The ability to subpoena medical records is a major point of contention for others opposing criminal HIV legislation, a crime on the books in 34 states.

Owen Daniel-McCarter, a legal advocate, is concerned that the legislation will add to an already unsafe environment for HIV-positive individuals and will adversely affect HIV prevention efforts by increasing the fear of the stigmatizing effects medical records can have.

“[These new enforcement measures] may dissuade someone from getting tested because then there is no way to prove a crime,” he said.

The existing criminal statute has already been used to intimidate defendants by adding an HIV transmission charge to a list of other charges in order to get a guilty plea, according to Daniel-McCarter.

“This charge is not a thing I see often, but when it is it is done so viciously,” said Daniel-McCarter, who added that it disproportionately impacts racial and gender minorities.

Sen. Mike Jacobs (D-Moline), a Senate co-sponsor, recognizes the concerns around this legislation but assures that the intent is not to further marginalize those with HIV.

“That’s not the intent of the bill, it’s to go after serial offenders,” he said, adding that the intent is not to discriminate and that there should also be measures against law enforcement misusing this legislation.

Jacobs hopes that this would not discourage people from getting tested and knowing their status and is only intended to be used in a small number of cases.

The case of Marcus Taylor of Rock Falls, who was charged with 13 counts of criminal exposure of HIV in 2009, drew the attention of legislators like Jacobs, he said.

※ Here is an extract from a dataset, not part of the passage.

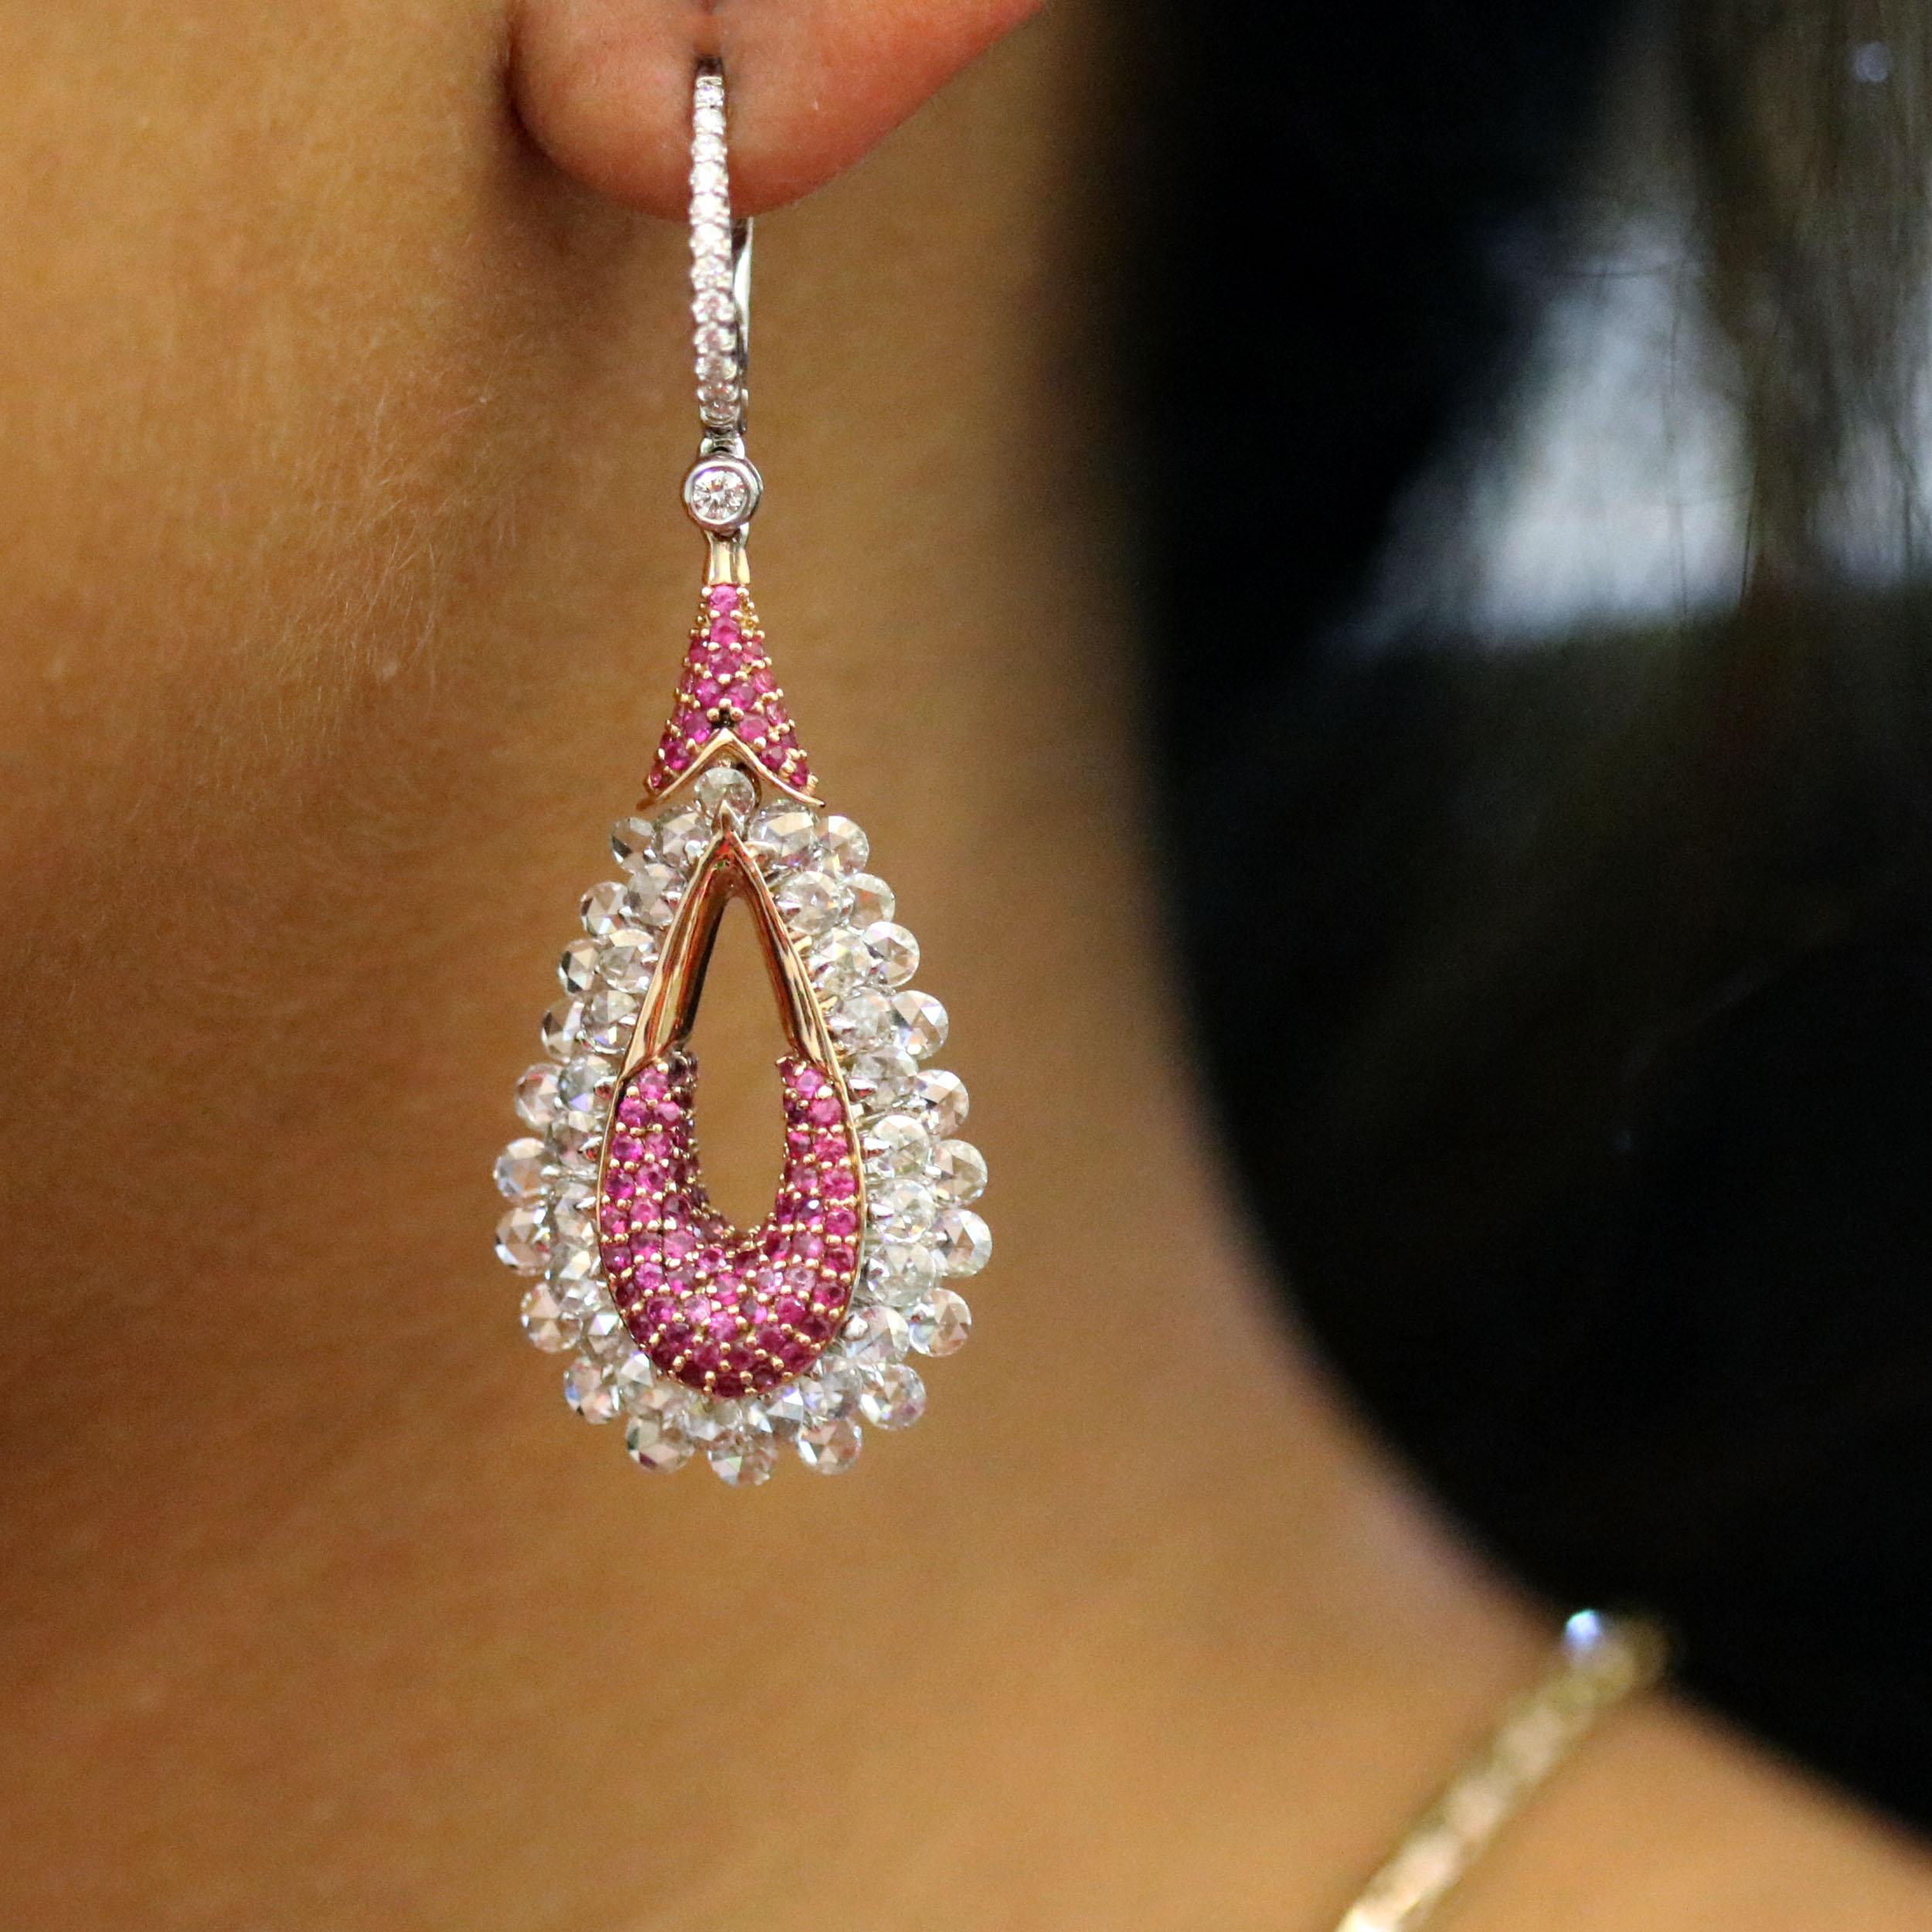 Women's Studio Rêves 18K Gold, Rose cut Diamond and Pink Sapphire Dangling Earrings

“My draw to this is not an ideological position it is a public health question,” Jacobs said.

At the AIDS Foundation of Chicago, Gardenhire hopes that even while he does not support any legislation criminalizing HIV, the language changes will actually decrease its implementation with the exception of a particular set of “egregious cases.”

“With new caveats and exceptions people can feel safe, there is a very high bar,” he said.

He added that there is a national push to end this type of legislation altogether.

In July 2010, President Obama called for an end to state laws criminalizing non-disclosure.

For now this controversial legislation represents an uneasy compromise between various groups with differing ideas of what public safety means and to whom it applies.

“The use of public safety is suspect because it is an incredibly un-safe system,” said Daniel-McCarter.

Gov. Pat Quinn’s office has not yet issued plans for the bill, and stated that Quinn “is committed to public safety, and he will review the legislation when he receives [the legislation].”